▶ _AIM OF THE EXERCISE_: Output nothing except the lines from the one containing "Paul Wearing: James Joyce" through the final line of the data, both included, typed exactly, minus the pictures.

▶ _STORED DATA_:
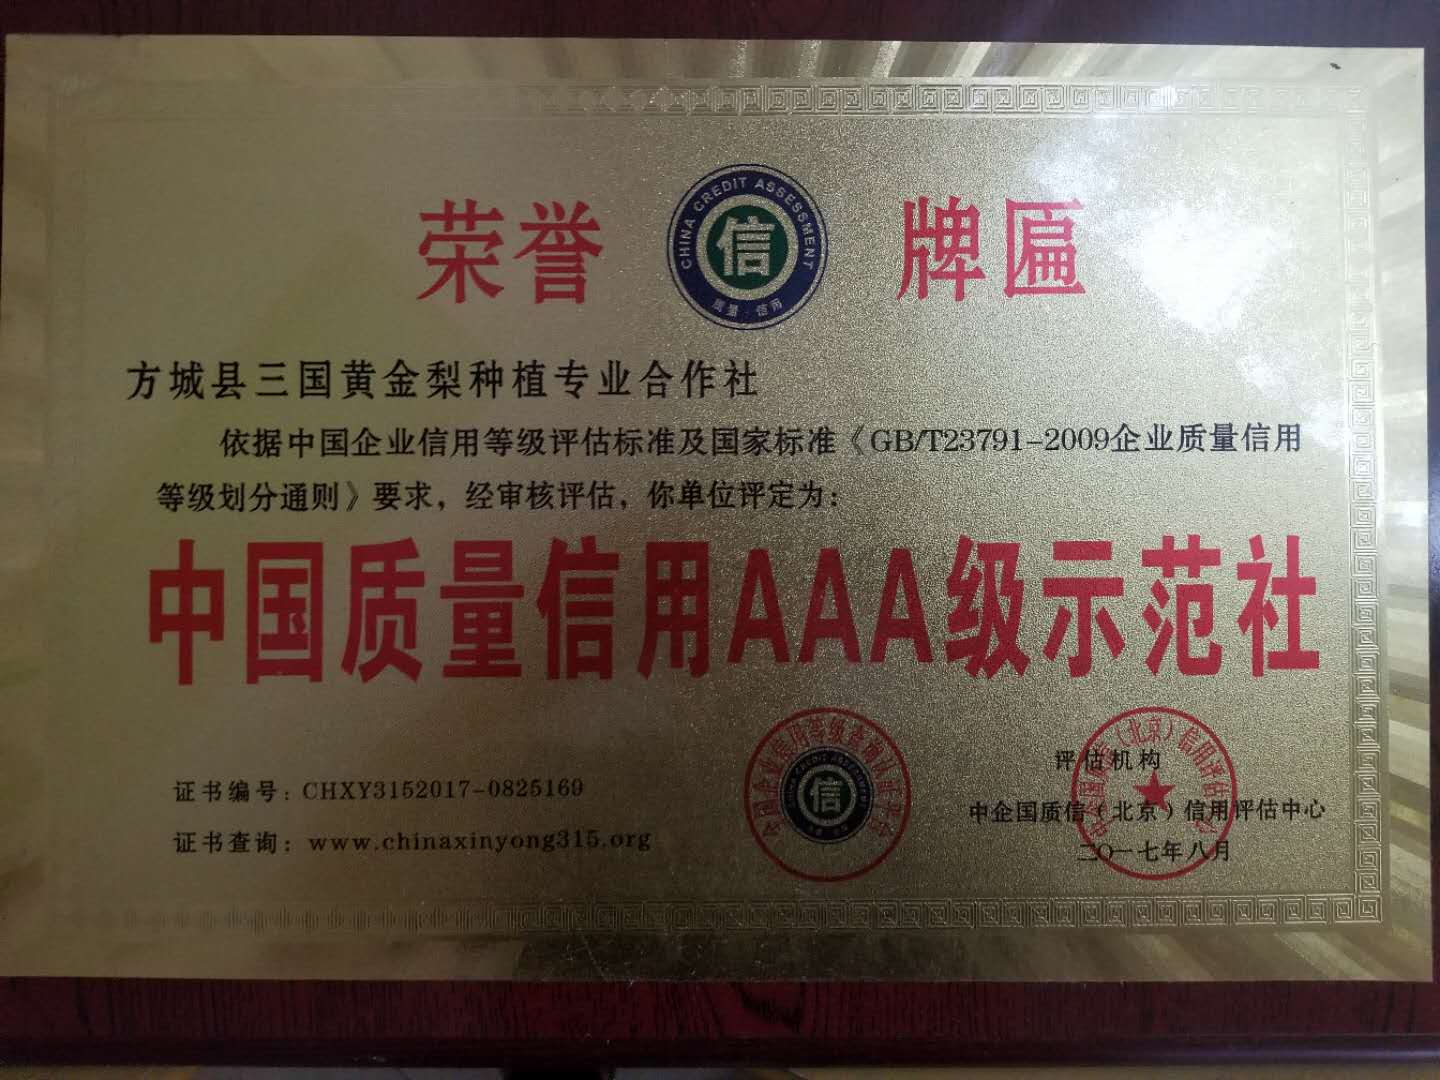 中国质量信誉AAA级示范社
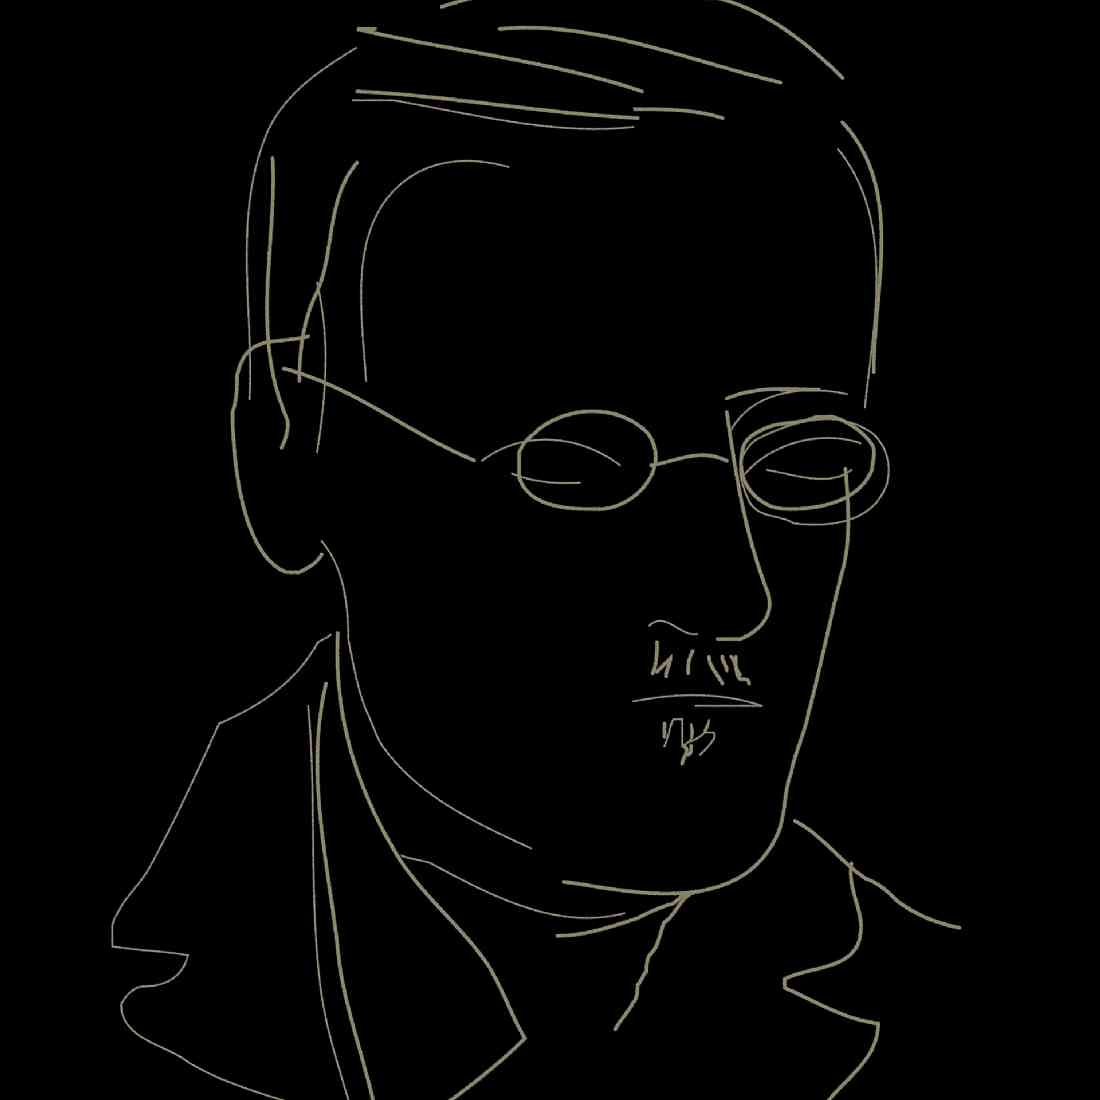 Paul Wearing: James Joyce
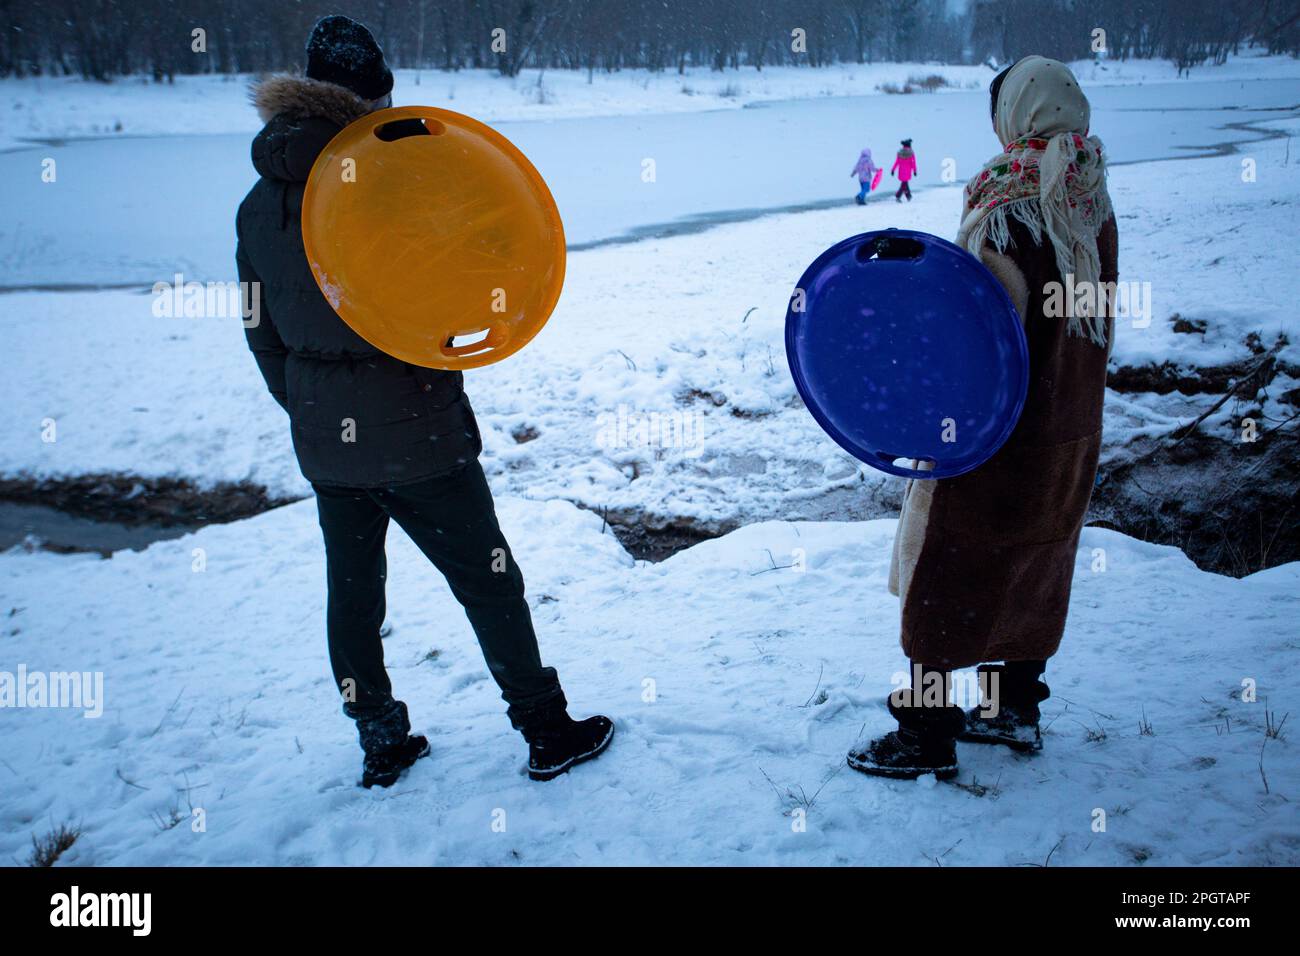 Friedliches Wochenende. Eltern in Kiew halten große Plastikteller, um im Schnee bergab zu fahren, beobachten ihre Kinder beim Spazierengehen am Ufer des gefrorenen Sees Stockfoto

▶ _EXERCISE RESULT_:
 Paul Wearing: James Joyce
 Friedliches Wochenende. Eltern in Kiew halten große Plastikteller, um im Schnee bergab zu fahren, beobachten ihre Kinder beim Spazierengehen am Ufer des gefrorenen Sees Stockfoto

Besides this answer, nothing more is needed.